Here is a description of my use case:
Let's consider a table with 1000 records, where each record corresponds to a row in an SQL table. Each record has fields such as messageId, message, and communityId. These fields allow us to group the messages based on the community ID. Now, I have indexed all 1000 records. During the similarity search, when a query arises from a specific community, I want to search only within the relevant community rather than across all communities.
As mentioned, there is a workaround suggested:
"Filtering must be based on the vector IDs." However, I'm unsure about the process of incorporating the community ID into the vector ID and how to effectively filter the records based on the community ID.
What have i done so far
:
os.environ['OPENAI_API_KEY'] = 'key'
messages = ["Hello, world!", "How are you?", "Greetings!","How are you"]
community_ids = [1, 2, 3, 1]
class CommunityIDSelector(faiss.IDSelector):
def __init__(self):
pass
def is_member(self, id):
return community_ids[id] == 1
id_selector = CommunityIDSelector()
embs = []
embeddings = OpenAIEmbeddings()
for message in messages:
embs.append(embeddings.embed_query(text=message))
vectors = np.array(embs)
metadata = np.array(community_ids)
concatenated_vectors = np.concatenate((vectors,metadata[:,np.newaxis]),axis=1)

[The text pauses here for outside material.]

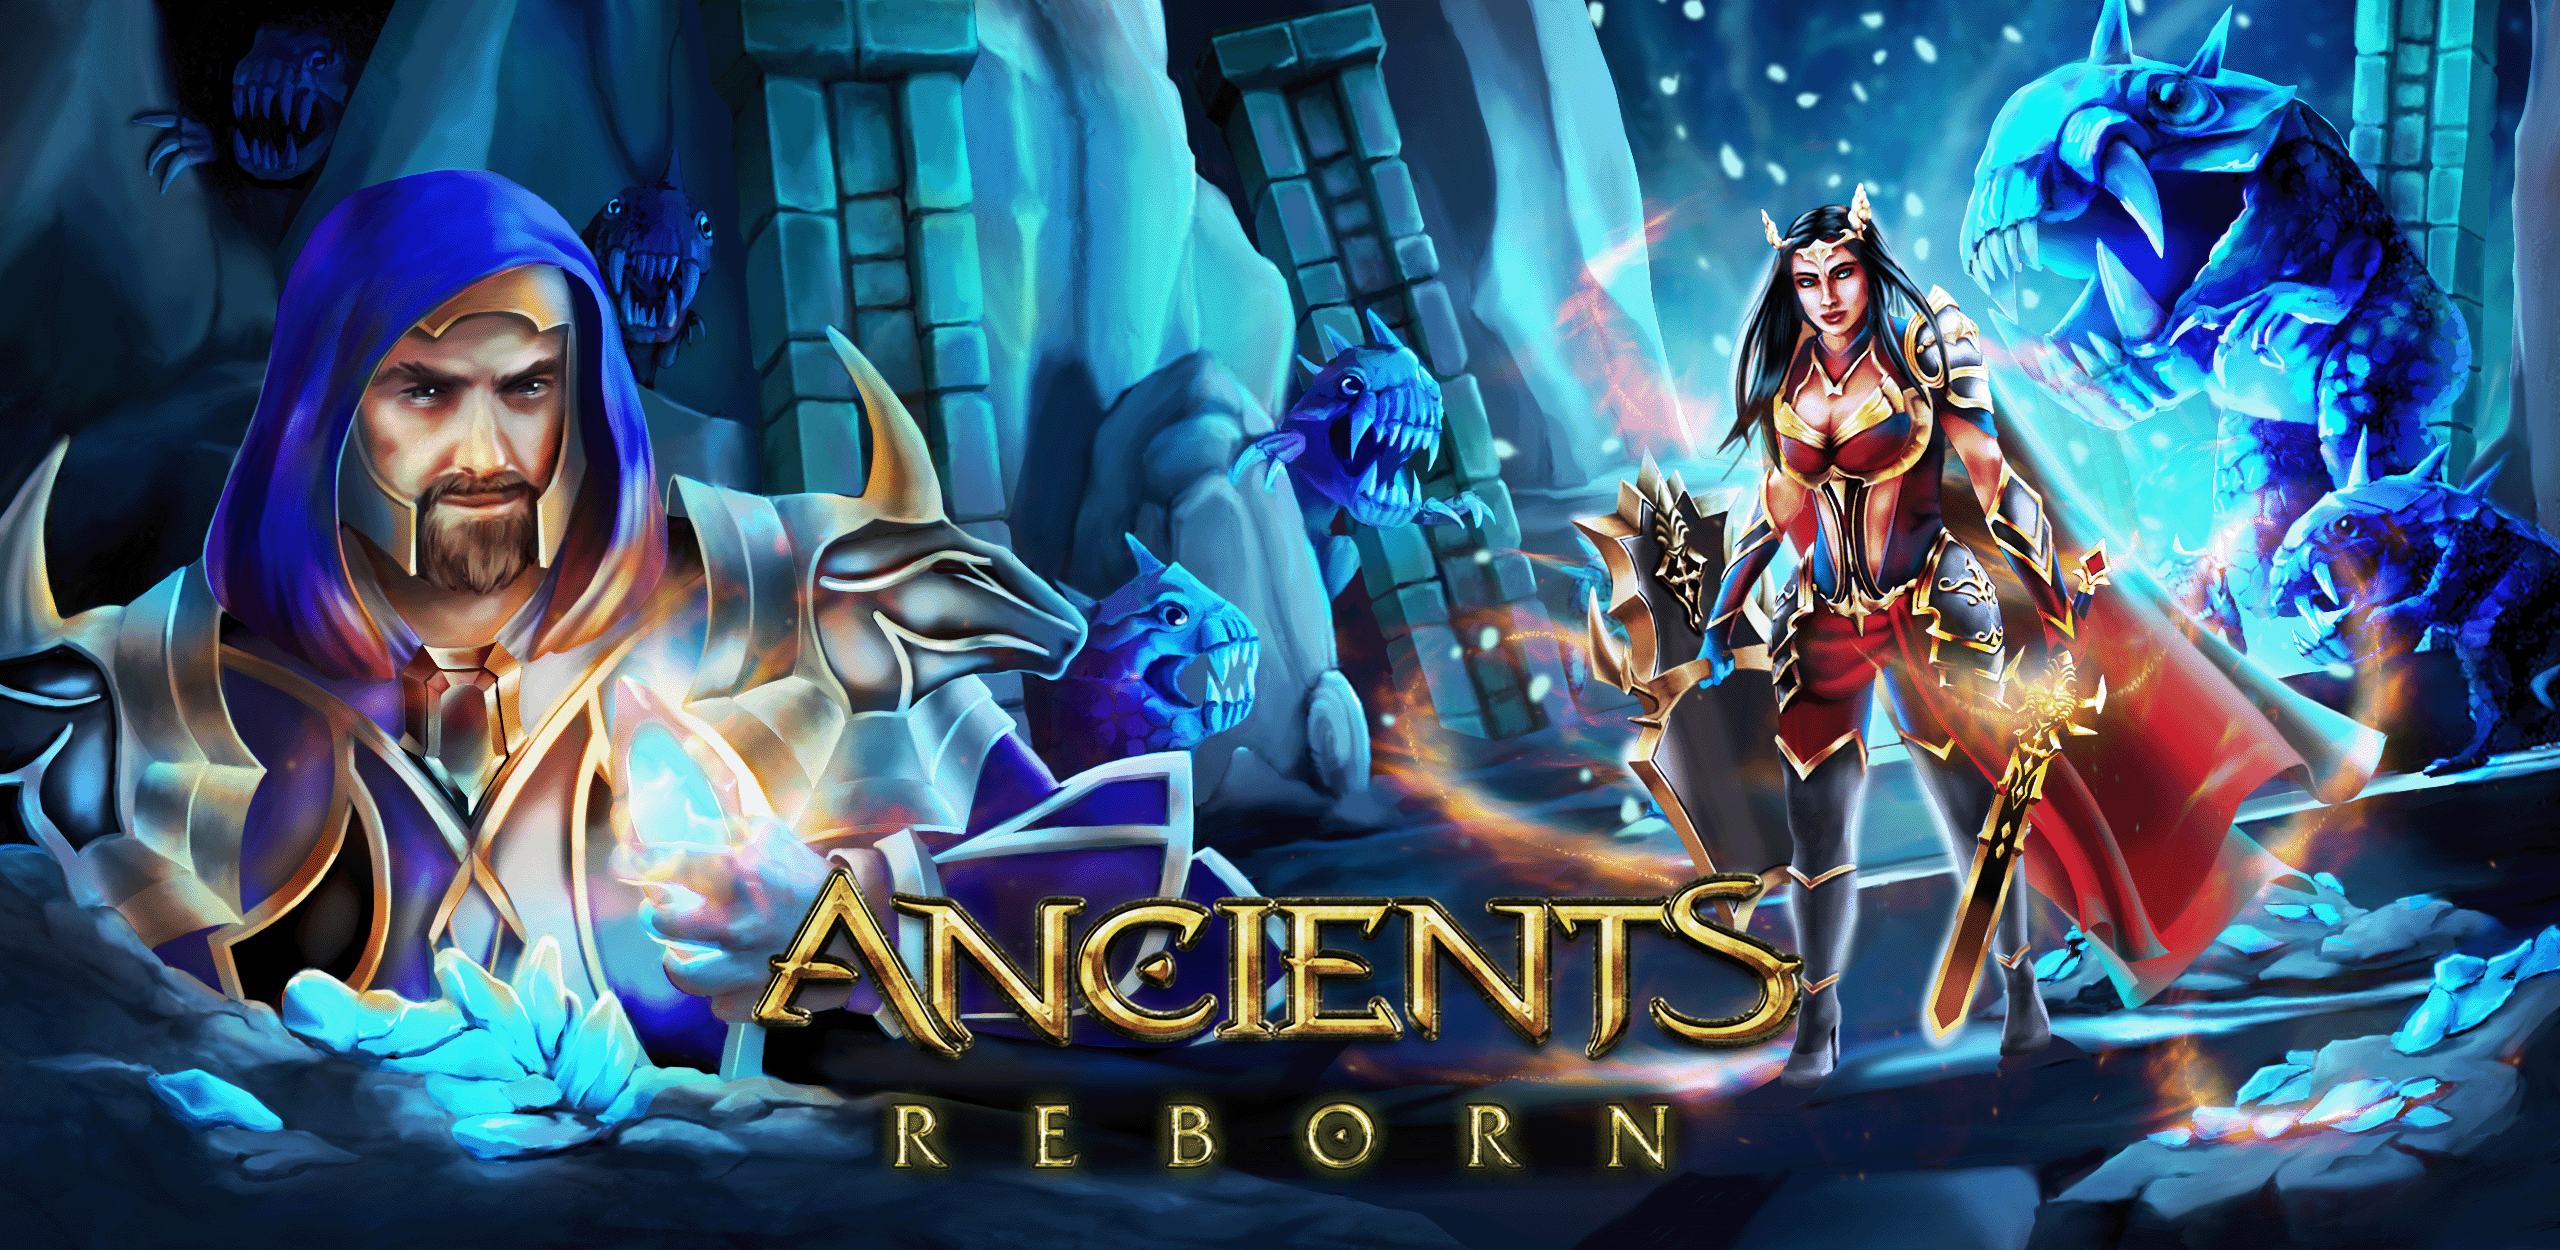 Ancients Reborn offers a MMORPG experience that feels familiar yet fresh

index = faiss.IndexFlatL2(concatenated_vectors.shape[1])
index.add(concatenated_vectors)
target_community_id = 1
query_vector = np.array([embeddings.embed_query(text='I am good')])

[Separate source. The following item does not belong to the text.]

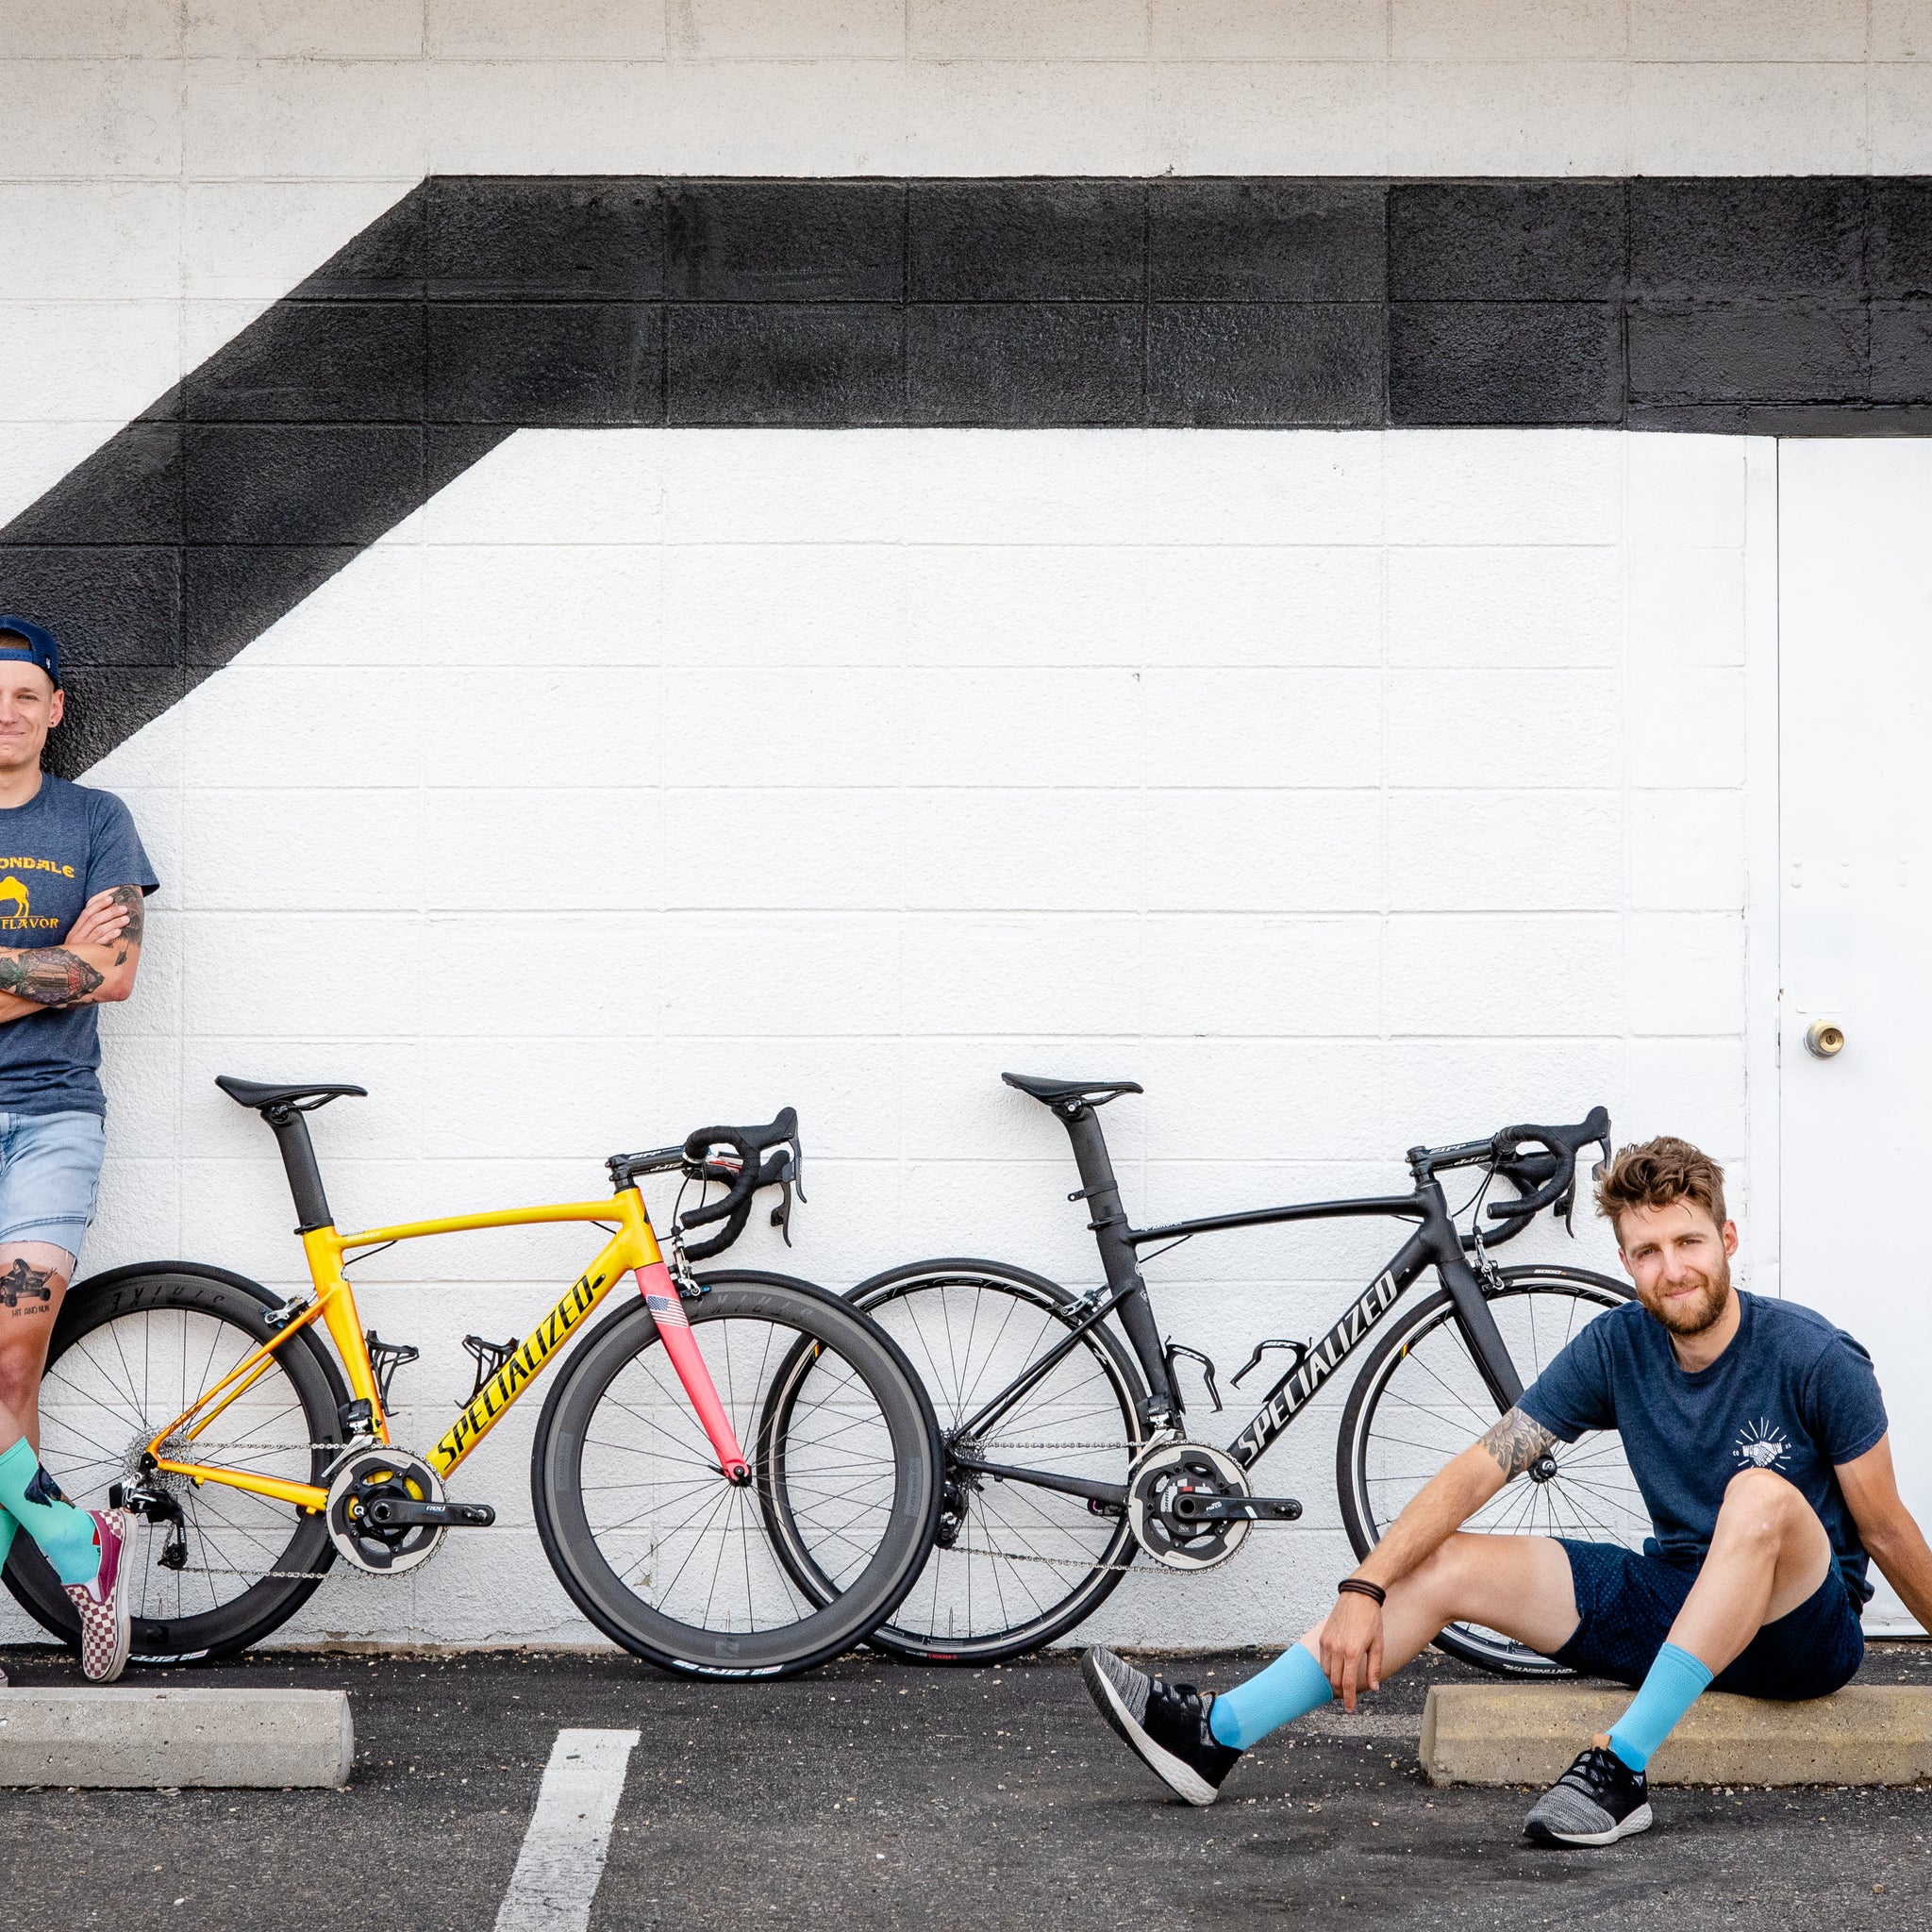 How to Race a Crit & Bike Setup: Tips for Beginners from our Ace Riders

# Prepare query vector with target communityId
query_metadata = np.array([[target_community_id]])
concatenated_query = np.concatenate((query_vector, query_metadata), axis=1)
k = 3
distances, indices = index.search(concatenated_query, k,id_selector)
print("Filtered Messages:")
Questions:
- How can I include the community ID in the vector ID?
- How can I filter the records based on the community ID?